Source material:
────────────────────

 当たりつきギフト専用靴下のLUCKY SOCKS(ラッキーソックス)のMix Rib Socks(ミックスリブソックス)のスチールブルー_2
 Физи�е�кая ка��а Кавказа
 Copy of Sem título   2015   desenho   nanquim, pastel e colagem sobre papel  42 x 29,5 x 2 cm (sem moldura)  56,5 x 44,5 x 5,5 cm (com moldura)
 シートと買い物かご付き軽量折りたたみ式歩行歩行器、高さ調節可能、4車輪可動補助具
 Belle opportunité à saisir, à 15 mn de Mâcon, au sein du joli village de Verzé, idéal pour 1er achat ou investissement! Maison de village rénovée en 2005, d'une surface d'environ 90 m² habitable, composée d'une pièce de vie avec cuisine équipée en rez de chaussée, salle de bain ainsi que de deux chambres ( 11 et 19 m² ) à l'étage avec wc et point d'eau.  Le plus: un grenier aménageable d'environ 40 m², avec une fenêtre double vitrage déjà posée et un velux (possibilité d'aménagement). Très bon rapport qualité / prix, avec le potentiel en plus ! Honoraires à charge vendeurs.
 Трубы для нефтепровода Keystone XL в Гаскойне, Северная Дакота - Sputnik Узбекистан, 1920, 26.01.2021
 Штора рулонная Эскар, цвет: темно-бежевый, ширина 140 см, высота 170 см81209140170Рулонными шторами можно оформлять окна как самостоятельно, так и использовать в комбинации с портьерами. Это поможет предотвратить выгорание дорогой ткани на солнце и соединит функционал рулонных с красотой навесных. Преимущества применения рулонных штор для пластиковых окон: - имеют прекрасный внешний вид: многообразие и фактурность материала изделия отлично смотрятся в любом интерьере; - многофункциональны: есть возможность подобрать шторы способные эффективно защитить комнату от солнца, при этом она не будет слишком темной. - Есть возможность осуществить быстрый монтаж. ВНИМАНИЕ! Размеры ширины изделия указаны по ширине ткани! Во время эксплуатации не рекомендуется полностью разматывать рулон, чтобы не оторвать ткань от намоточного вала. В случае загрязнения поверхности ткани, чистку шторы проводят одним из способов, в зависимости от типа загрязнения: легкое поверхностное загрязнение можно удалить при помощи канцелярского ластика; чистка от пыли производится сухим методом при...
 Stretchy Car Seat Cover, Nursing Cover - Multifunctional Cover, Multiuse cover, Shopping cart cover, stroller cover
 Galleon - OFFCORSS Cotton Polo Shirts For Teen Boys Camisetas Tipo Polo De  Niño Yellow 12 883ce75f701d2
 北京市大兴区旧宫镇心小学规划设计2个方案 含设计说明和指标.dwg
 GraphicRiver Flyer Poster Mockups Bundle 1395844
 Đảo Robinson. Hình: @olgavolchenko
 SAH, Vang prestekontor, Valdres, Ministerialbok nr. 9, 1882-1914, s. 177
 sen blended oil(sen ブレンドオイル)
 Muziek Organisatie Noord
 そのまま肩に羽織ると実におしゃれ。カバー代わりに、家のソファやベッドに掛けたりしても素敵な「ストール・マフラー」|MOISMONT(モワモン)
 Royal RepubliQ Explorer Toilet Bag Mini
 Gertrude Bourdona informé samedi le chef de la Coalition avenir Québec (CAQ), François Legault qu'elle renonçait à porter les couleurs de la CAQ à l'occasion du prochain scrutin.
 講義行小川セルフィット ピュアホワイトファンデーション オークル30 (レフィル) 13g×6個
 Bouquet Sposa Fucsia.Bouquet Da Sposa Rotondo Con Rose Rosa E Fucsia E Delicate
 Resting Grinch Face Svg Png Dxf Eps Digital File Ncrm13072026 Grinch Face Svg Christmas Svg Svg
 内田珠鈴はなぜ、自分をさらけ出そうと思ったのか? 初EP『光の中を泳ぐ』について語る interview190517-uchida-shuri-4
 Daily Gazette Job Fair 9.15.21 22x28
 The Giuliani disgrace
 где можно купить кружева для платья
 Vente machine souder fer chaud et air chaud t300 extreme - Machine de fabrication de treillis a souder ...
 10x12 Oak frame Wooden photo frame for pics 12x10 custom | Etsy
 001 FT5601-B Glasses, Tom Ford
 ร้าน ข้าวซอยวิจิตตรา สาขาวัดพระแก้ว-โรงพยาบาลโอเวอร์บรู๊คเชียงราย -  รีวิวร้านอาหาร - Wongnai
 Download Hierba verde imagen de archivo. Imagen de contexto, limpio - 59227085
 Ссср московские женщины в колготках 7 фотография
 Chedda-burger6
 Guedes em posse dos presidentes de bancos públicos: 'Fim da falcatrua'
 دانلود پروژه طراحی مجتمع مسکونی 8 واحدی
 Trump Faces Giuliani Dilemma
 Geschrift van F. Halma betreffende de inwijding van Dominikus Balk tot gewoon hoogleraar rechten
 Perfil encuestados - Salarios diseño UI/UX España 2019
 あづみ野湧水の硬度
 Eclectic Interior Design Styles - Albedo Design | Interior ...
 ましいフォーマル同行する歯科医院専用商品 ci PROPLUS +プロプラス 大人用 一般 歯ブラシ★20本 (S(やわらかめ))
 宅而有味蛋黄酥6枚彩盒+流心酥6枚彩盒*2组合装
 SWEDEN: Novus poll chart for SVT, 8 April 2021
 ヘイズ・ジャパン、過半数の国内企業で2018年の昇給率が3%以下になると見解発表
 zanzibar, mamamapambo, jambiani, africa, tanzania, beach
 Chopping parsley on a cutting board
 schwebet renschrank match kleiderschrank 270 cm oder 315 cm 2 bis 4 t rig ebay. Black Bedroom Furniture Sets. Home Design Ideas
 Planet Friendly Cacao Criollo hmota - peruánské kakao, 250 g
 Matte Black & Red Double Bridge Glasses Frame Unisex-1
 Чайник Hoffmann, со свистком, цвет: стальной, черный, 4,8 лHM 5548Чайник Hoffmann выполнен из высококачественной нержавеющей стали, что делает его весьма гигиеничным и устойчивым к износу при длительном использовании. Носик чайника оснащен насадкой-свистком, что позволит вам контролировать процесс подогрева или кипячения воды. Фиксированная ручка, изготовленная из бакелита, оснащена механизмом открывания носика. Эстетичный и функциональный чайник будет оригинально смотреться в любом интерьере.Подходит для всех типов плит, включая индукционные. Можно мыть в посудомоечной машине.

────────────────────

Work required: Give an exact copy of the lines from the one with "ヘイズ・ジャパン、過半数の国" through the end of the entries, both ends included.

Response to this task:
 ヘイズ・ジャパン、過半数の国内企業で2018年の昇給率が3%以下になると見解発表
 zanzibar, mamamapambo, jambiani, africa, tanzania, beach
 Chopping parsley on a cutting board
 schwebet renschrank match kleiderschrank 270 cm oder 315 cm 2 bis 4 t rig ebay. Black Bedroom Furniture Sets. Home Design Ideas
 Planet Friendly Cacao Criollo hmota - peruánské kakao, 250 g
 Matte Black & Red Double Bridge Glasses Frame Unisex-1
 Чайник Hoffmann, со свистком, цвет: стальной, черный, 4,8 лHM 5548Чайник Hoffmann выполнен из высококачественной нержавеющей стали, что делает его весьма гигиеничным и устойчивым к износу при длительном использовании. Носик чайника оснащен насадкой-свистком, что позволит вам контролировать процесс подогрева или кипячения воды. Фиксированная ручка, изготовленная из бакелита, оснащена механизмом открывания носика. Эстетичный и функциональный чайник будет оригинально смотреться в любом интерьере.Подходит для всех типов плит, включая индукционные. Можно мыть в посудомоечной машине.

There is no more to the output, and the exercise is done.